Джон Корнтел упорно отказывался поднять взгляд, ответить на настойчивое прикосновение ее руки к своему плечу. Он сидел в мемориальной часовне, сидел там с самого утра, с тех пор, как закончилась служба, и все надеялся обрести в тишине хоть какое-то подобие душевного покоя. Но тщетно. Лишь оцепенение разливалось по всему его телу, и отнюдь не оттого, что в часовне было прохладно. Он так и не ответил на призыв Эмилии Бонд. Взгляд его скользнул с мраморного ангела на алтаре к прочувствованной надписи на мемориальной доске. «Любимый ученик, – мысленно повторял он. – Эдвард Хсу, любимый ученик». Какое чудо– эти слова и скрытая за ними связь между людьми, между тем, кто готов учить, и тем, кто желает учиться. Если б он сам умел по-настоящему любить учеников, если бы он отдал им ту привязанность, то внимание, которое столь безответственно направлял на иные объекты, он бы не попал в такой переплет.
– У тебя нет занятий до десяти, Джон. Нам надо поговорить.
Корнтел видел, что от разговора не увильнуть. Уже несколько дней назревает откровенный разговор с Эмилией. Он пытался отсрочить его, выиграть время, собраться с мыслями, подобрать слова, чтобы объяснить ей нечто немыслимое. Будь в его распоряжении неделя, он успел бы собраться с силами и выдержал бы подобную беседу. Ему, однако, следовало бы гораздо раньше догадаться, что Эмилия Бонд не принадлежит к числу терпеливых женщин и не станет дожидаться, пока он сам подойдет к ней.
– Здесь не место для разговора, – отбивался он. – Здесь нельзя.
– Пойдем на улицу. С утра на площадке никого нет, никто нас не подслушает.
Она говорила решительно, но когда Корнтел осмелился наконец взглянуть на нее– в черной мантии не по размеру Эмилия грозно нависала над его скамьей, – он убедился, что ее лицо лишилось природного румянца, глаза ввалились и веки потемнели и припухли. Впервые за все эти дни Корнтел почувствовал мгновенный укол сострадания, пронзивший облекавшую его броню эгоистического отчаяния. Но миг миновал, и это чувство погасло, и по-прежнему мужчину и женщину разделяла бездна, которую никакие слова не могли заполнить. Она так молода – чересчур молода. Почему он не понял этого с самого начала?
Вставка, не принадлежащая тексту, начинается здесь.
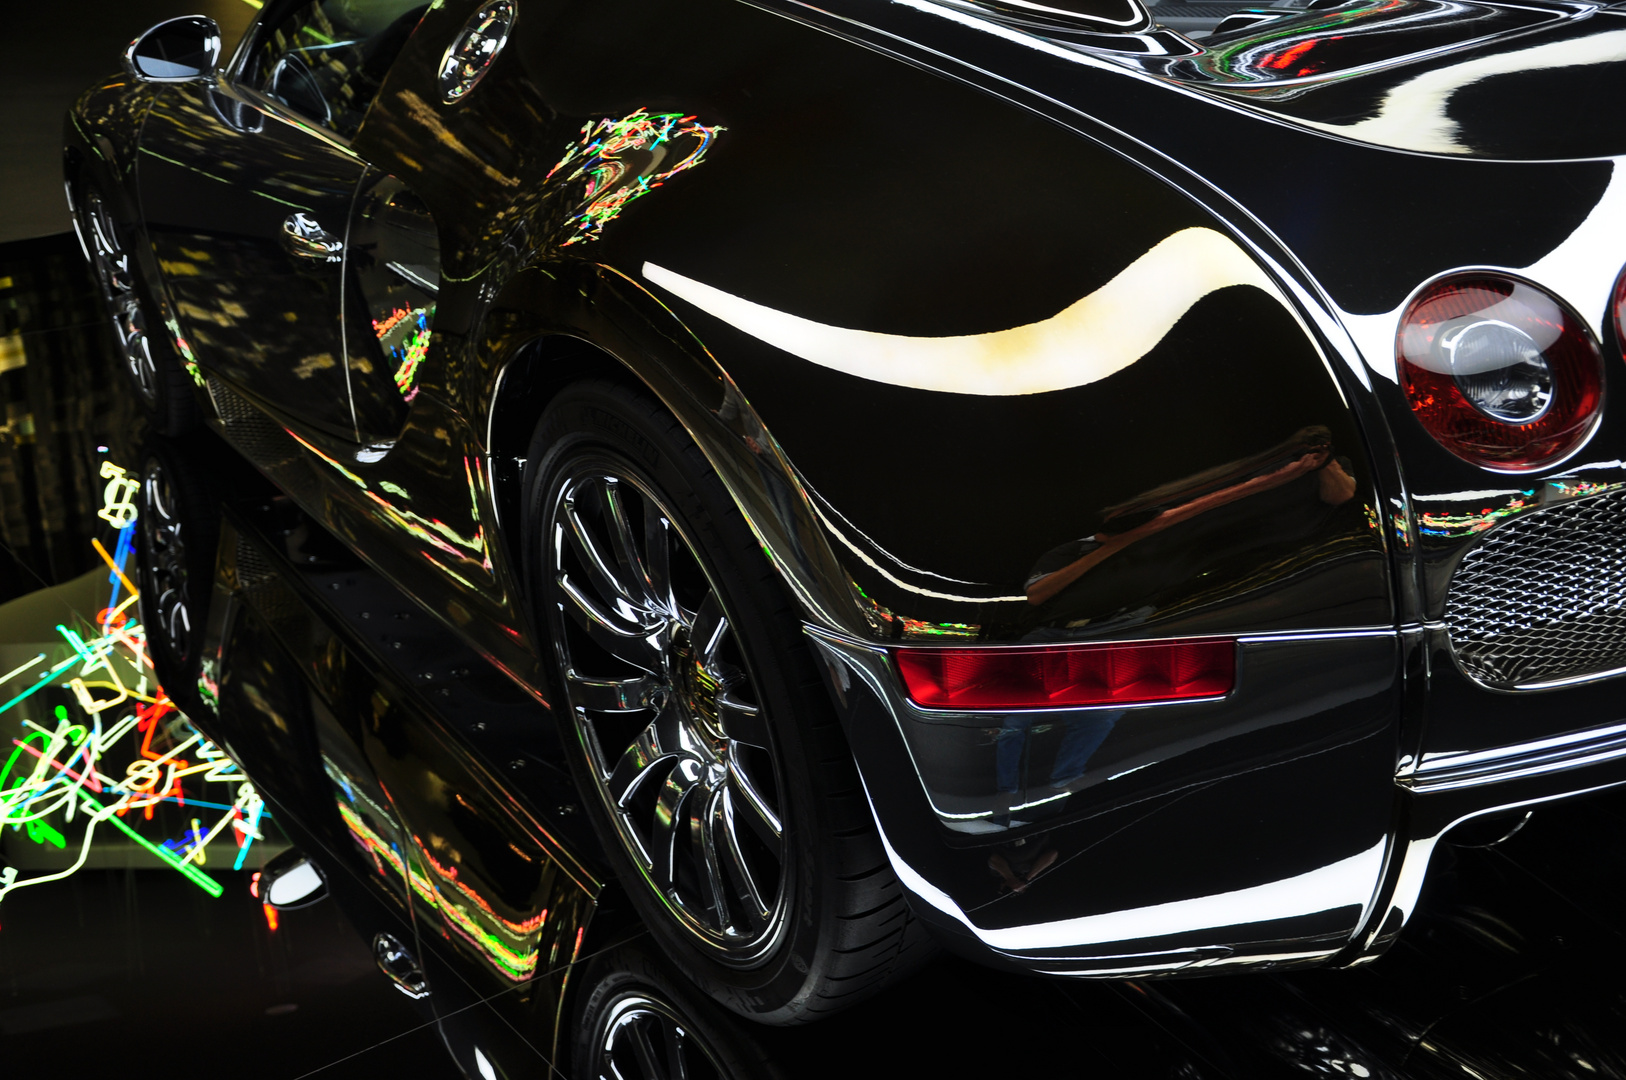 Bugatti Veyron in Chrome

– Пойдем, Джон, – уговаривала она. – Пожалуйста, пойдем.
Наверное, он и впрямь должен объясниться с ней, хотя бы так, в нескольких словах. Глупо уверять себя, будто еще несколько дней на приготовление, еще несколько дней вдали от нее сделают их последний разговор более легким, более выносимым для кого-либо из них.
– Ладно, согласился он, вставая.
Они вышли из часовни, пересекли, на ходу кивая головой учителям и немногочисленным свободным от уроков детям, внутренний двор со статуей Генри Тюдора и прошли через западную дверь.
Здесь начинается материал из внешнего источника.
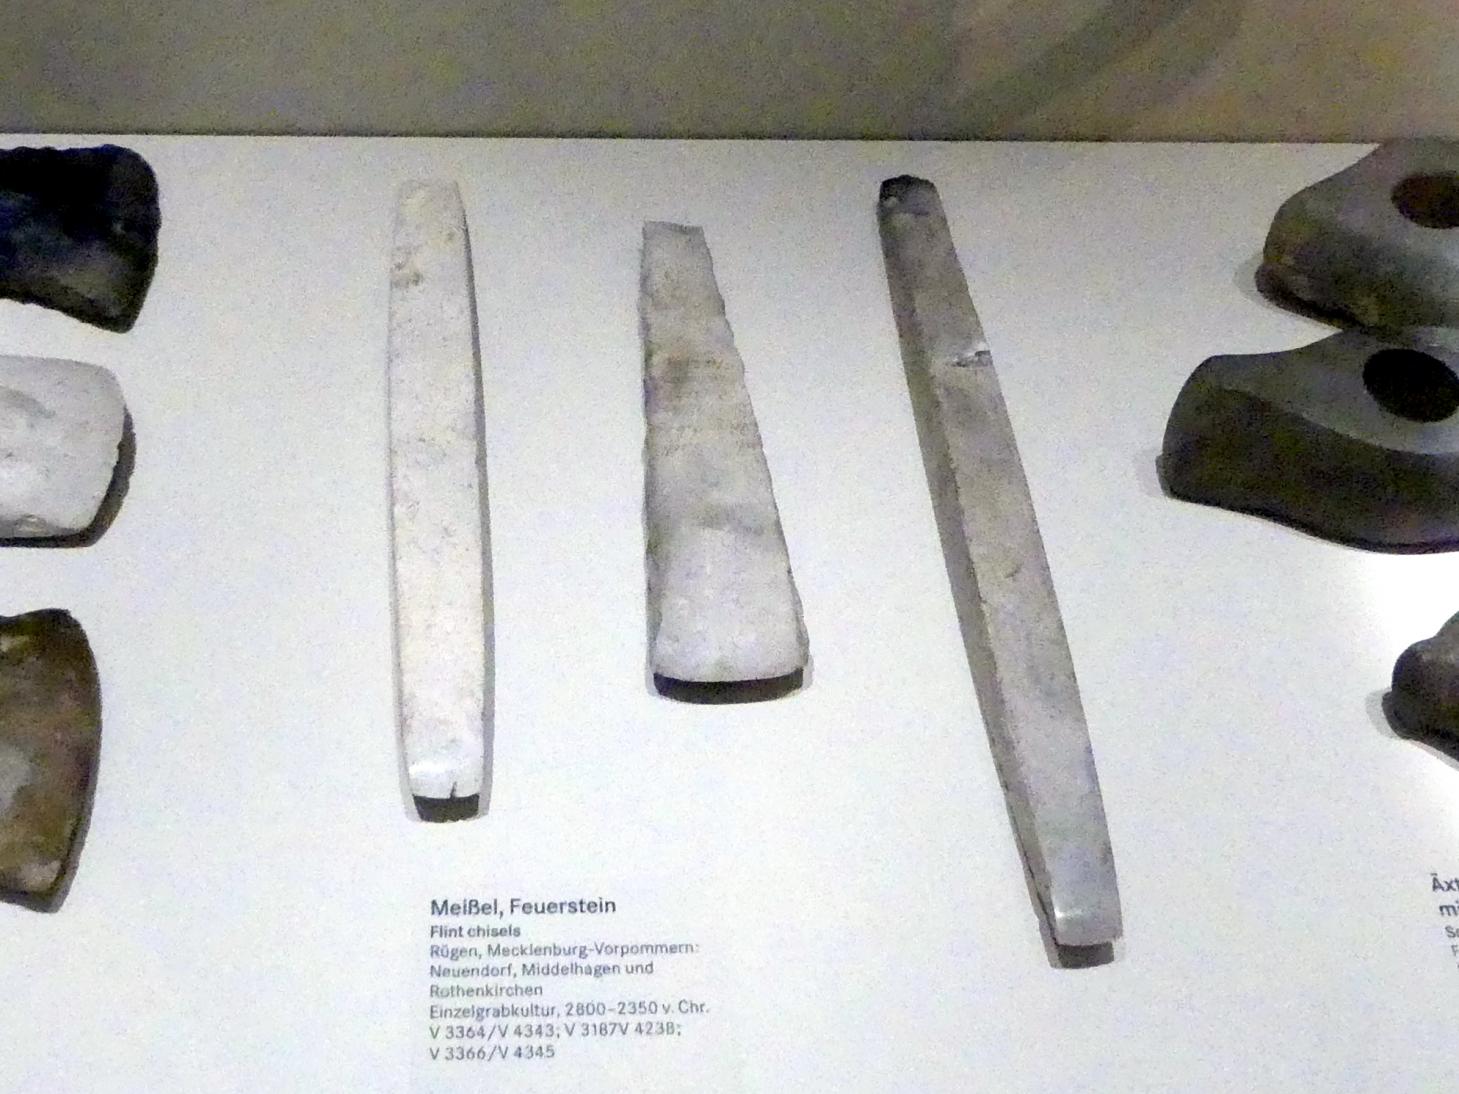 Meißel, Nordisches Neolithikum, 4400 - 2350 v. Chr., 2800 - 2350 v. Chr., Bild 1/2

Эмилия, как всегда, оказалась права. За исключением садовника, подстригавшего траву вокруг большого каштана, росшего у края спортивной площадки, здесь никого не было. Корнтел хотел бы облегчить объяснение для них обоих, но, к несчастью, он совершенно не умел первым начинать разговор с женщиной, с любой женщиной. Он мучительно подбирал в уме какой-нибудь вопрос, какое-нибудь замечание для затравки– и ничего не находил. Ей пришлось заговорить первой, однако ее слова ничуть не разрядили напряжения, хотя ей удалось бы смягчить любого человека, кроме Корнтела.
– Я люблю тебя, Джон. Я не могу вынести этого. Что ты делаешь с собой? – Она не поднимала голову, сосредоточив взгляд на земле, на равномерном и бессмысленном движении собственной туфли, ворошившей траву. Голова ее едва доставала Корнтелу до плеча – глядя сверху вниз на ее пушистые светлые волосы, Корнтел вспоминал ту легкую и пушистую стекловату, которую мать покупала под Рождество, чтобы развесить над головами ангелов, украшавших в ту пору их дом.
– Не надо, – взмолился он. – Не стоит. Я не стою того. Ты лее знаешь это теперь, если раньше не знала.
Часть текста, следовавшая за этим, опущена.